There was no answer. She still trembled silently, and that was
all.
In less than five minutes the boy returned, and earned his
promised reward. He sat on the floor by the fire counting his
treasure, the one happy creature in the room. I soaked some
crumbled morsels of biscuit in the wine, and, little by little, I
revived her failing strength by nourishment administered at
intervals in that cautious form. After a while she raised her
head, and looked at me with wondering eyes that were pitiably
like the eyes of her child. A faint, delicate flush began to show
itself in her face. She spoke to me, for the first time, in
whispering tones that I could just hear as I sat close at her
side.
"How did you find me? Who showed you the way to this place?"
She paused; painfully recalling the memory of something that was
slow to come back. Her color deepened; she found the lost
remembrance, and looked at me with a timid curiosity. "What
brought you here?" she asked. "Was it my dream?"
"Wait, dearest, till you are stronger, and I will tell you all."

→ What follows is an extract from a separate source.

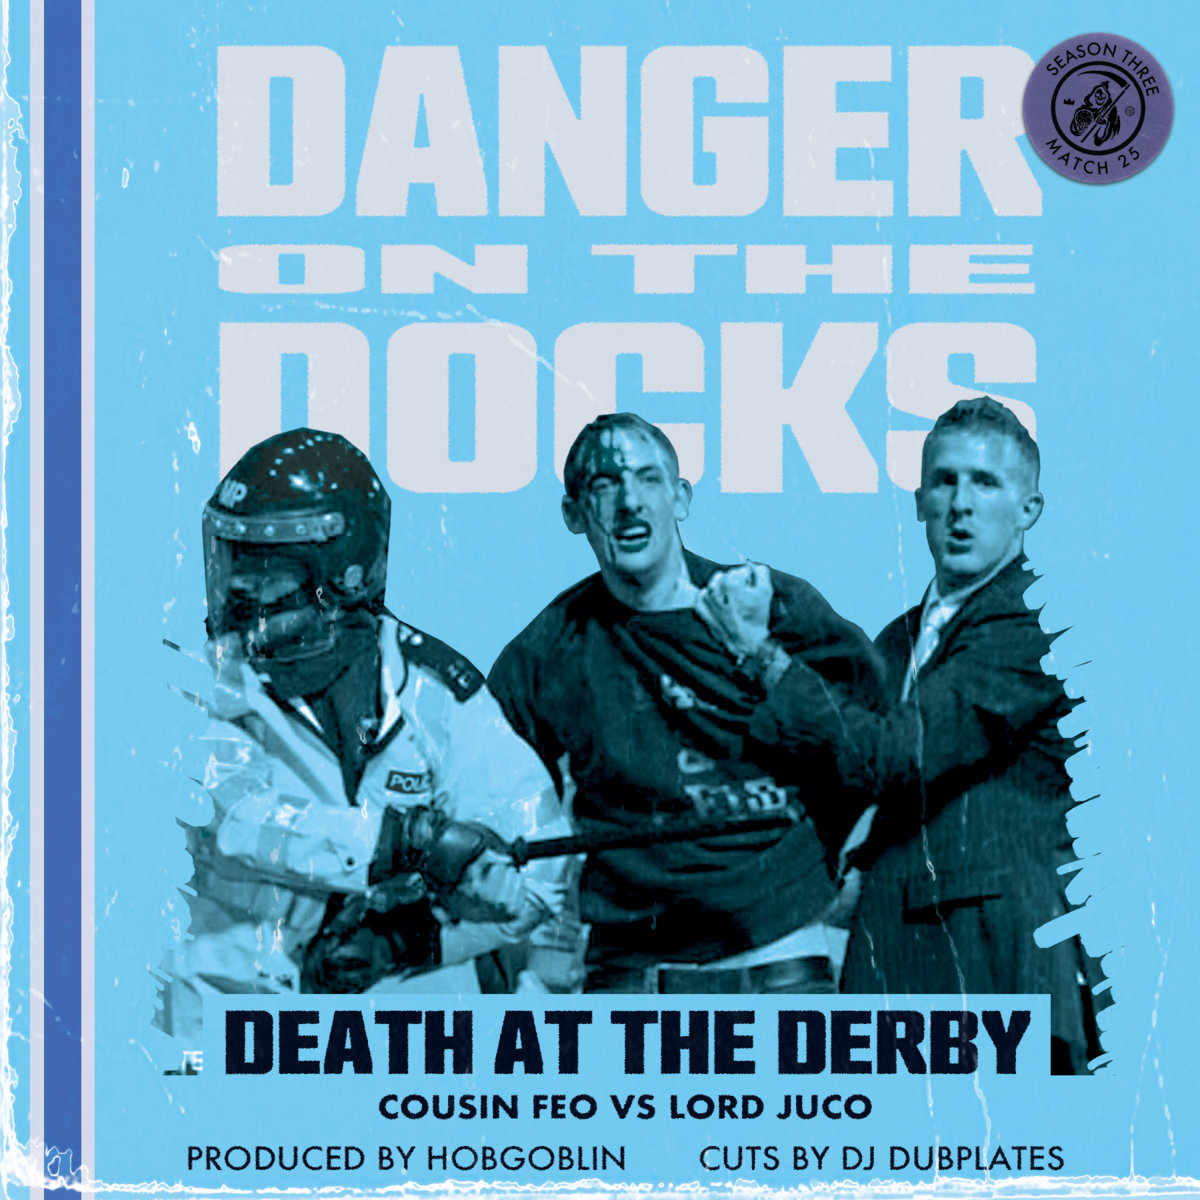 Death_at_the_derby_danger_on_the_docks__prod._hobgoblin_

I lifted her gently, and laid her on the wretched bed. The child
followed us, and climbing to the bedstead with my help, nestled
at her mother's side. I sent the boy away to tell the mistress of
the house that I should remain with my patient, watching her
progress toward recovery, through the night. He went out,
jingling his money joyfully in his pocket. We three were left
together.
As the long hours followed each other, she fell at intervals into
a broken sleep; waking with a start, and looking at me wildly as
if I had been a stranger at her bedside. Toward morning the
nourishment which I still carefully administered wrought its
healthful change in her pulse, and composed her to quieter
slumbers. When the sun rose she was sleeping as peacefully as the
child at her side. I was able to leave her, until my return later
in the day, under the care of the woman of the house. The magic
of money transformed this termagant and terrible person into a
docile and attentive nurse--so eager to follow my instructions
exactly that she begged me to commit them to writing before I
went away. For a moment I still lingered alone at the bedside of
the sleeping woman, and satisfied myself for the hundredth time
that her life was safe, before I left her. It was the sweetest of
all rewards to feel sure of this--to touch her cool forehead
lightly with my lips--to look, and look again, at the poor worn
face, always dear, always beautiful, to _my_ eyes. change as it
might. I closed the door softly and went out in the bright
morning, a happy man again. So close together rise the springs of
joy and sorrow in human life! So near in our heart, as in our
heaven, is the brightest sunshine to the blackest cloud!
CHAPTER XXVI.
CONVERSATION WITH MY MOTHER.
I REACHED my own house in time to snatch two or three hours of
repose, before I paid my customary morning visit to my mother in
her own room. I observed, in her reception of me on this
occasion, certain peculiarities of look and manner which were far
from being familiar in my experience of her.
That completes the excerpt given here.